Kids deserve to grow up in an environment that supports them with the time and resources they need to find their gifts and grow them. It’s up to us, as caring adults, to have the imagination to see it and give them the space they need for it to come to light.
On a cold dark night, the fire roaring, Albert comes to me with a deck of cards. ‘Want to play a game I’ve invented?’ he asks.
There are a few clunky bits that we have to work through, but the game is beyond basic and it works. And as we play it occurs to me that all that time crouched over decks of cards was time well spent. He has a feel for patterns, groupings, relationships, can see how cards can speak to and slide past each other, how that can create tension. I think, What was that moment like when, cards in hand, he saw it? How did he feel?

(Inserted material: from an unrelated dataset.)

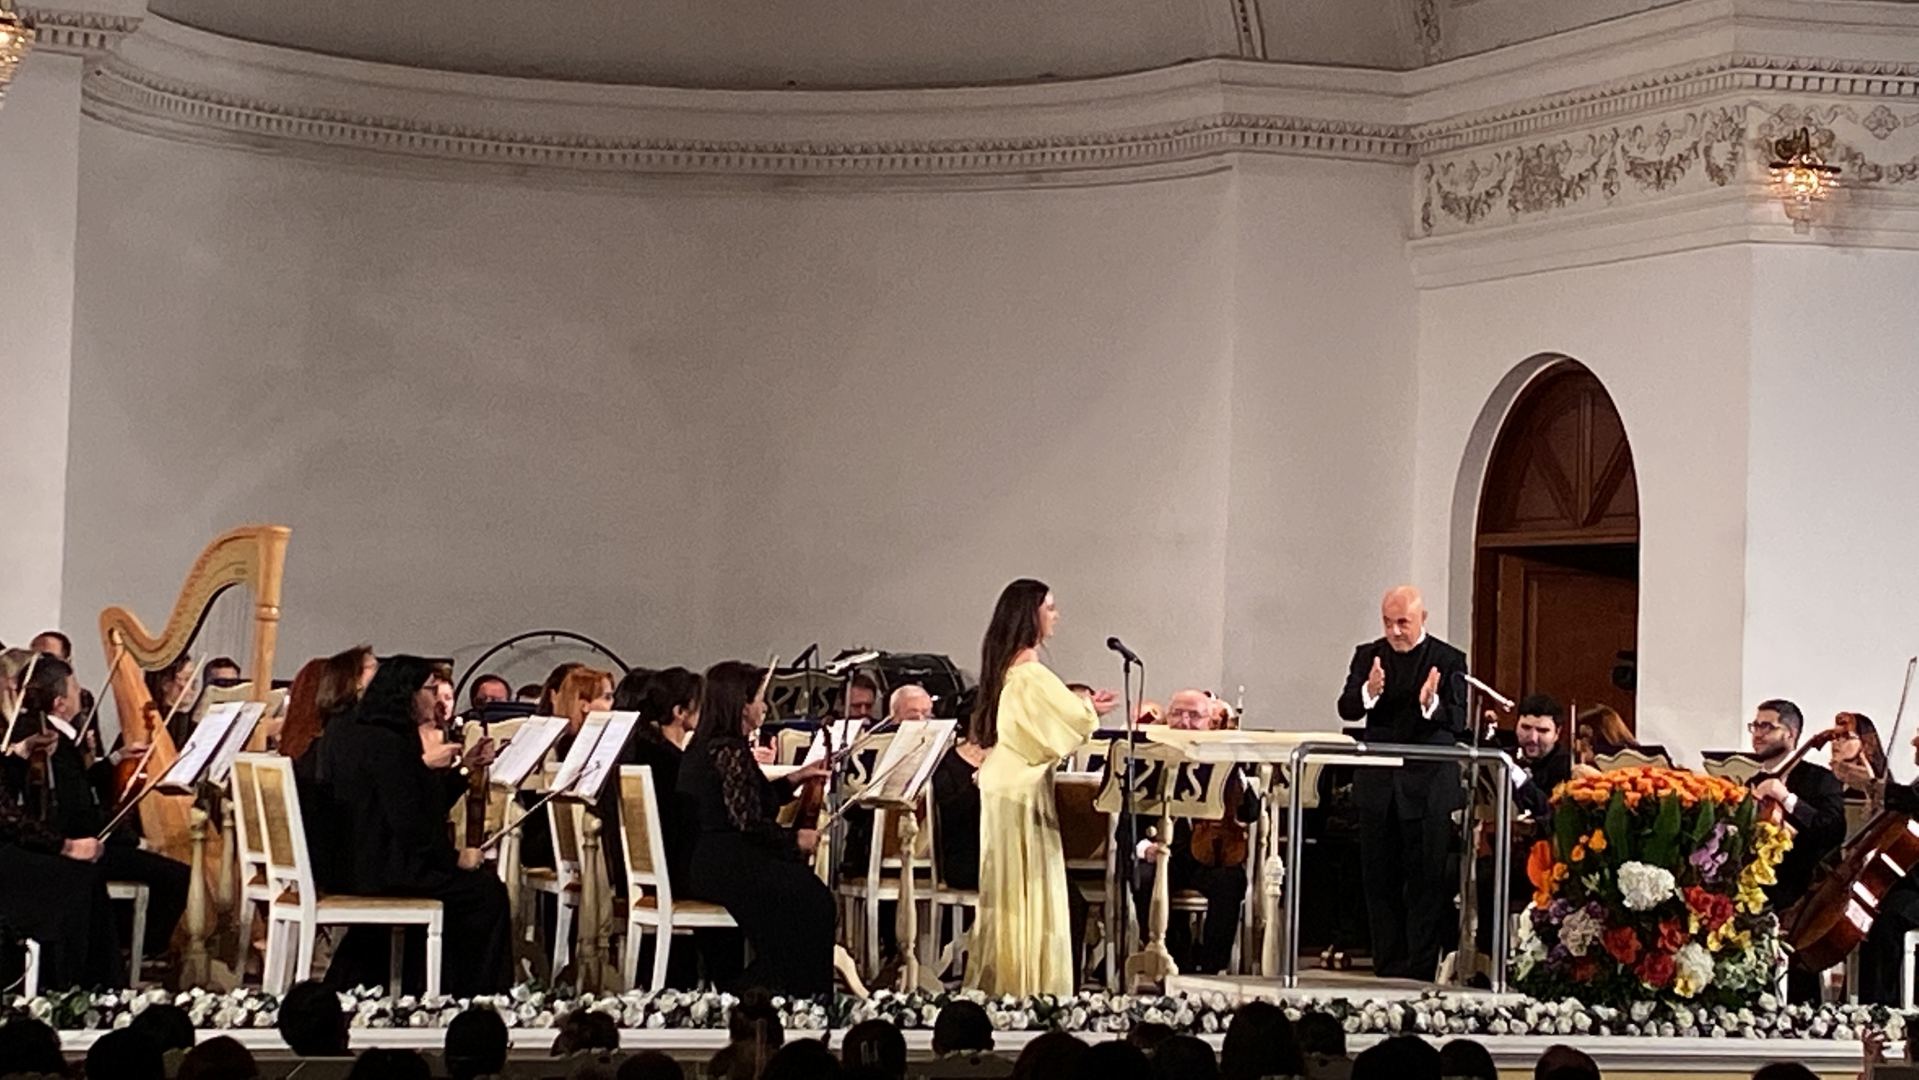 Красота и мелодичность в Баку – концерт симфонического оркестра под управлением Ялчина Адигезалова (ФОТО/ВИДЕО)

Here’s a little secret that the educational managerialists don’t want you to discover: they don’t have a monopoly on the science of learning. There is science about learning to be found in self-direction too, and it’s to do with emotions. It’s a science that sees learning as an embodied, expansive endeavour. It’s a science that, if we embrace it, allows us to understand how to help children and their gifts to flourish.
A big thanks to reader
from the Centre for Playful Enquiry for his comments on the last post, one of which linked to something his colleague Susan Harris MacKay wrote about an inquiry they ran exploring the “science and power and magic of awe and wonder”. I recommend you read it, because if we want schools to be places where gifts are grown, we need to be cognisant of this science too. If nothing else, knowing it will help you kick against the mangerialist pricks.Till next time,
Bevan.
PS: to all those who replied to the last post with messages of sympathy and support, thank you. I found solace in them.
Hi Bevan.
Thank you for this timely, passionate and engaging read. Just what I needed this morning after yet more conversations yesterday about what people think they mean when they talk about the 'science of learning'. Here in Australia, we are being similarly gripped by a strange and very myopic frenzy of panic - especially about reading. There is so much I could say ... but one thing I know. After almost 40 years of work in classrooms all around the world, if we do not give kids the time and space to reveal and explore the things they are curious about and if we do not lean into that curiosity and allow them opportunities to engage in learning about the world around (and within) we lose the most important ingredient in learning (and this is scientifically backed!) - the desire and will to learn.
Thanks for this, Bevan. A teacher in our Studio for Playful Inquiry recently named this distinction as The Science of Market Prioritized Discrepant Skills vs The Science of Human Flourishing. Seemed dead on.
Personally, I love reading and I treasure knowing how to read. I can also imagine - given the speed of technological shifts - that the children we work with today might live in a world where the written word is almost nonexistent - where you look at a document or an object and its meaning is communicated through something other than text. I'm not banking on it, but just as a thought experiment: If that is the world they inhabit, what is gained - and what is lost - by dedicating all our resources to decoding text?